The main theological issue that finalized the split concerned a clause (actually, a word) that the Western church had added to the Nicene Creed: FilioqueIn Latin, filioque means “and the son.” The Western church claimed that the Holy Spirit proceeded from the Father and the Son. It may sound like a minor detail to our ears, but for the Eastern church it was important to assert that the Holy Spirit proceeded through the Son. They were also alarmed that the creed had been changed without any prior discussion.
The tensions that led to the Great Schism were centuries in the making. The two halves had already been drifting apart because of a number of cultural differences. Politically, for example, the Western church did not have to contend with a strong state after the Roman Empire collapsed, but in the East, the church had to jockey with the Byzantine Empire. Also, the Eastern church spoke Greek, and the Western church Latin. Another disagreement that the East and West had battled over long before the split, interestingly, wasn’t about words or languages, but images.
If you’ve ever seen the inside of a Greek Orthodox sanctuary, you may have been struck by all the gilded, angular portraits of saints and biblical characters peering at you from every corner. Even today, the Orthodox tradition emphasizes icons, which are seen as “manifestations of the heavenly ideal.” They are a kind of “window” between heaven and earth.
In the 700s some church members had become concerned that the use of images in worship was verging on idolatry. They were worried that “ordinary Christians may fail to distinguish between the holy object or holy person and the spiritual reality it stood for.” The church became divided between “iconoclasts”—destroyers of images—and “iconodules”—worshipers of images.60 Iconoclasts wanted to replace religious icons with traditional Christian symbols like the cross, Bible, and renderings of the Lord’s Supper. But iconodules like a man named John of Damascus rose to defend icons. John of Damascus argued that an image imitates its original as a copy, and that to deny that an icon could depict Christ was actually to deny the incarnation.
While no one should worship an icon, John affirmed, icons could be used to help believers worship Christ. In 787 a council met in Nicaea and supported John of Damascus by condemning the iconoclastic movement.

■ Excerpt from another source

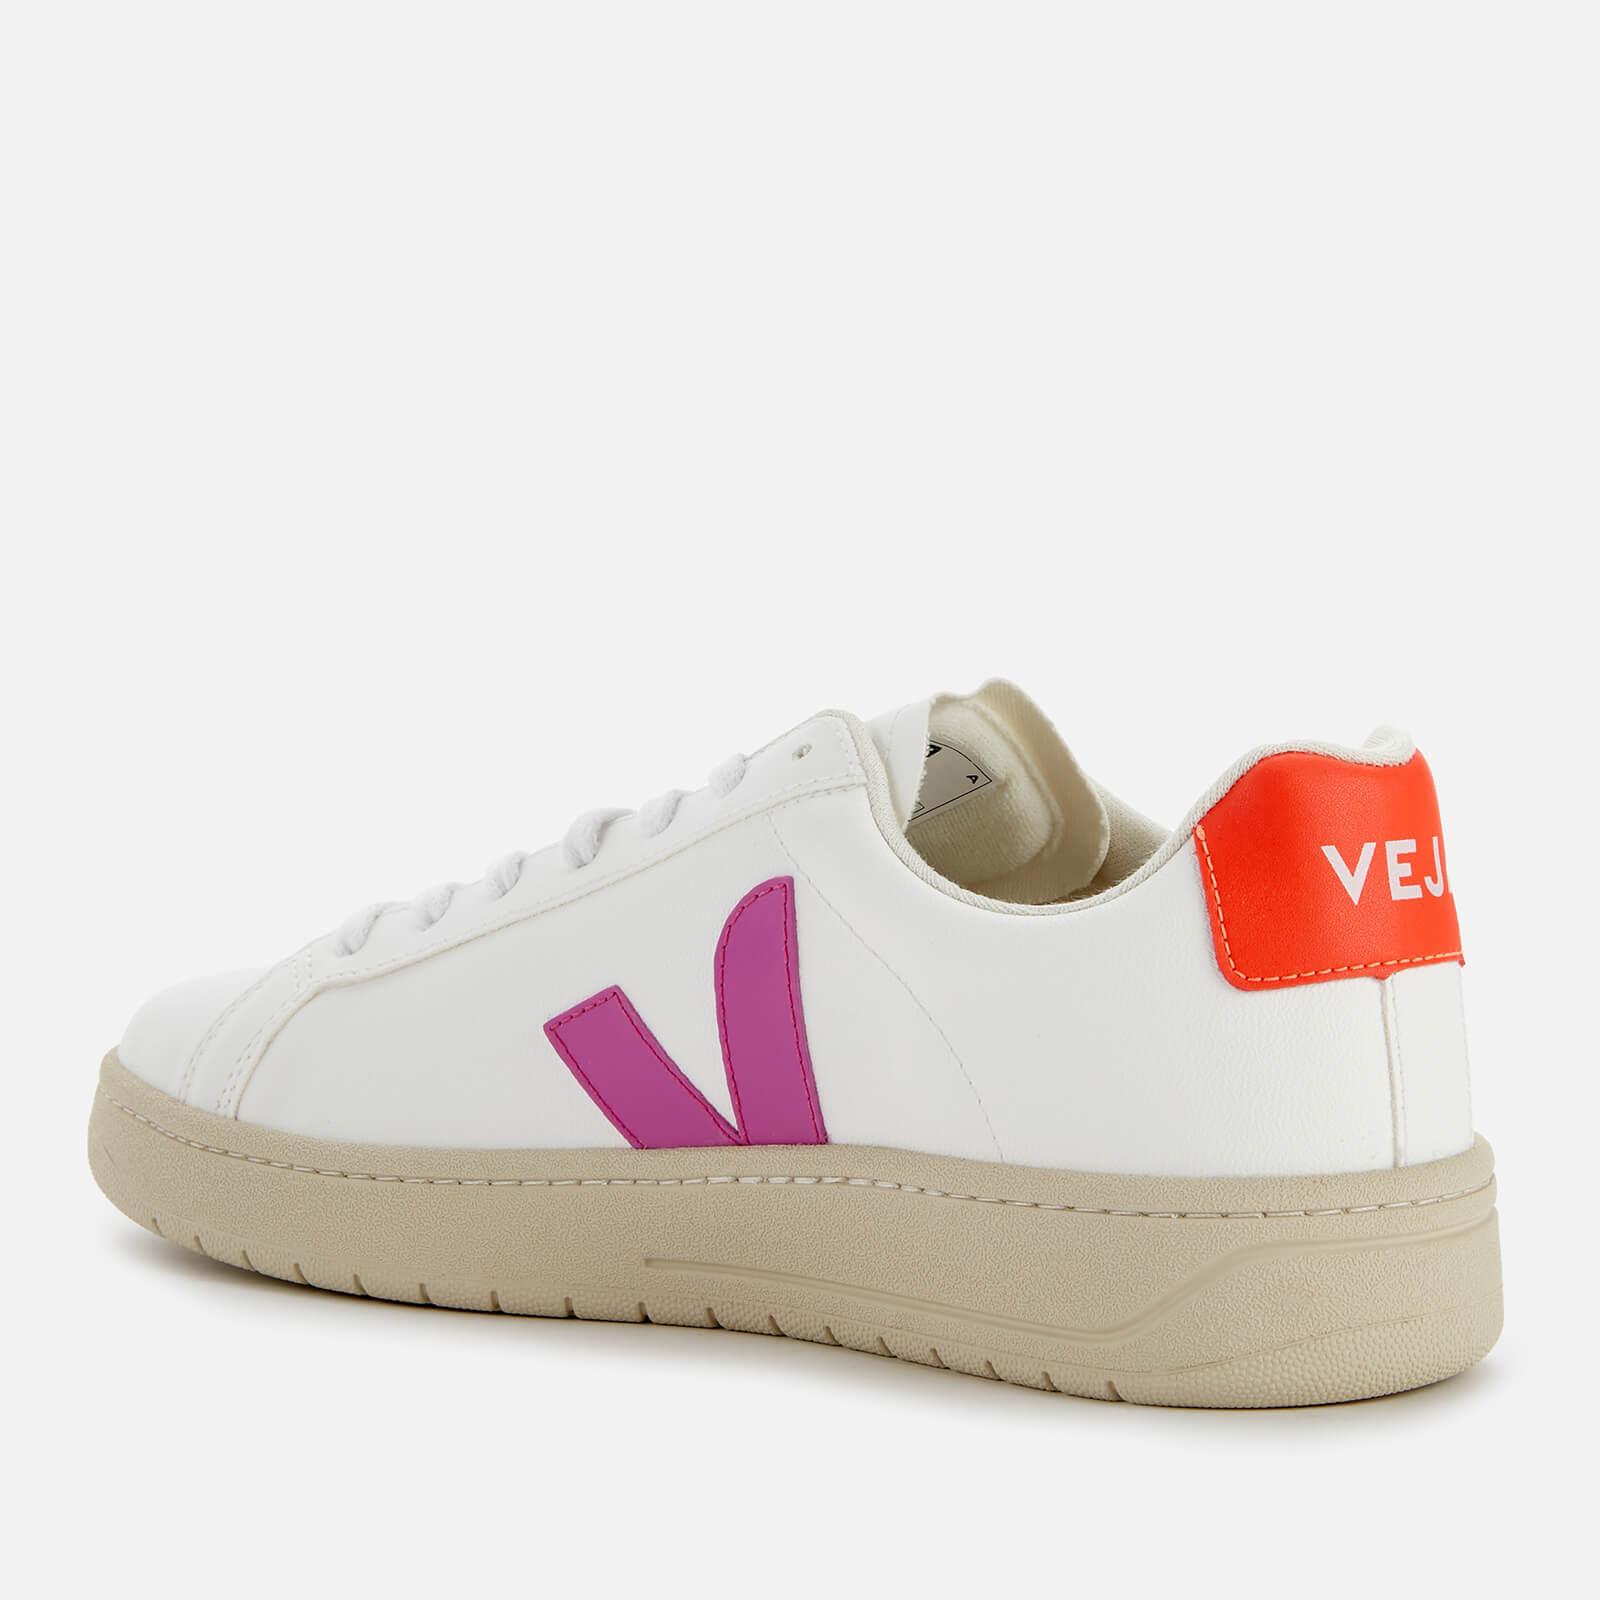 Veja Women's Urca Vegan Trainers - White/Ultraviolet/Orange Fluo
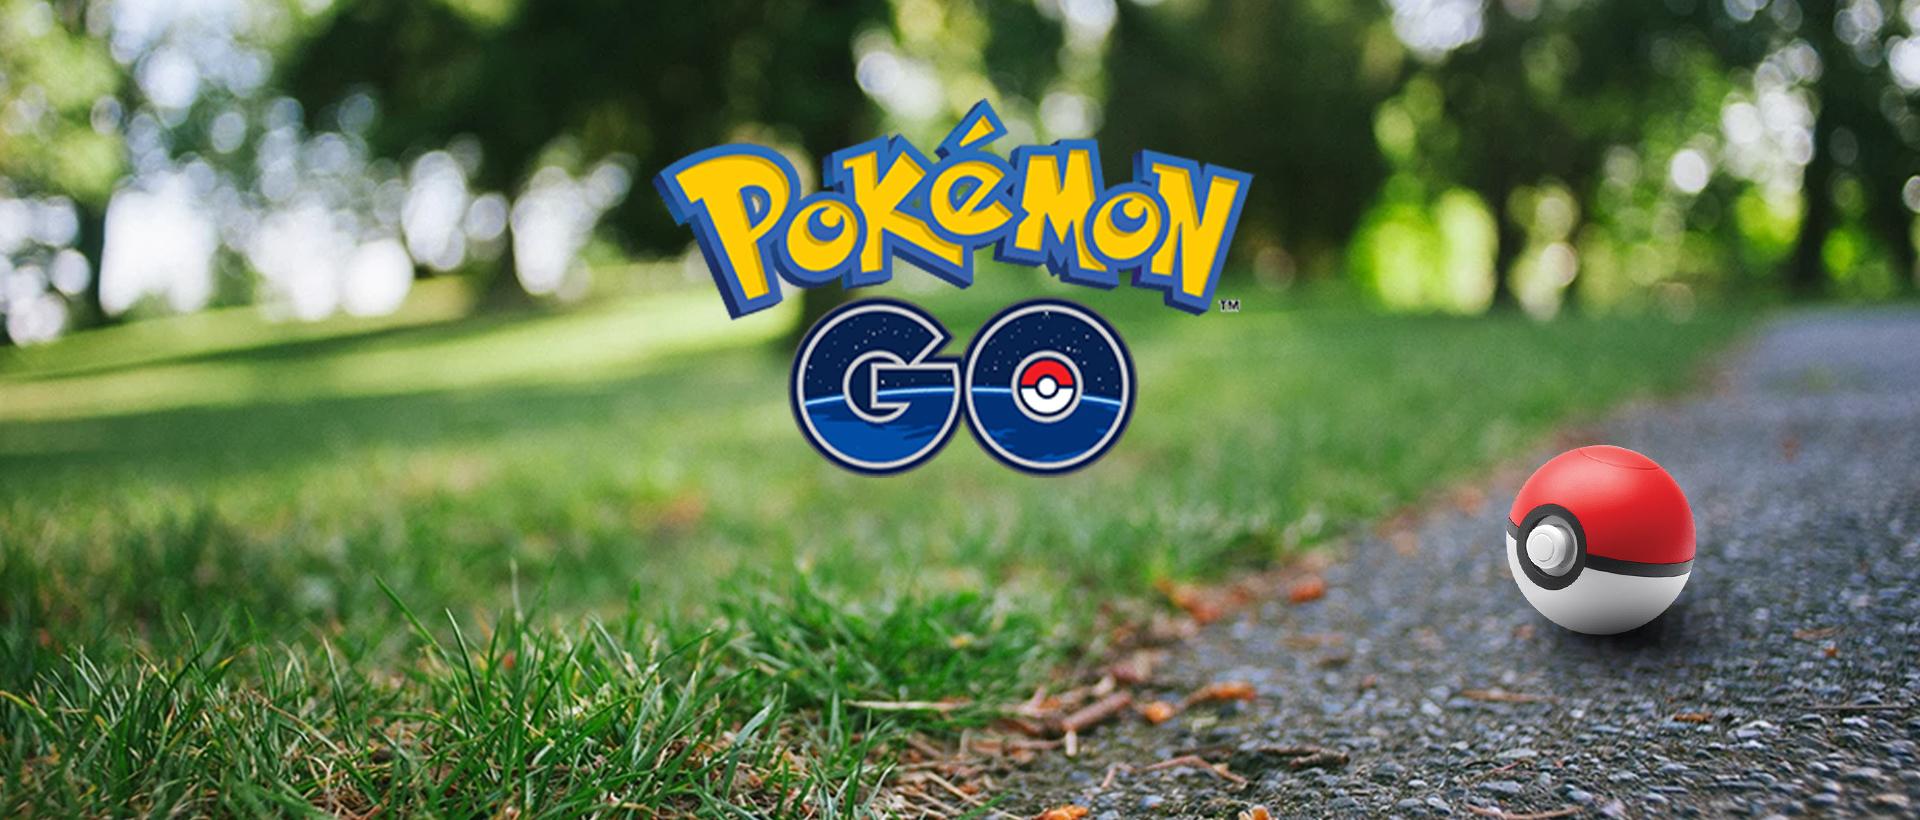 Pokémon GO寶可夢

Yet the two halves of the church continued to drift apart, with the Eastern tradition largely endorsing the use of icons in worship. Both sides of the controversy did agree on the idea that images were powerful. Today, our culture is saturated with images that pour out of our computers, TVs, and cell phone screens. For a moment, think about the importance of icons in marketing. For instance, upon seeing a Starbucks symbol, you might feel very strongly that you need a cup of coffee right away.
How do the images you surround yourself with help or hinder your life in Christ?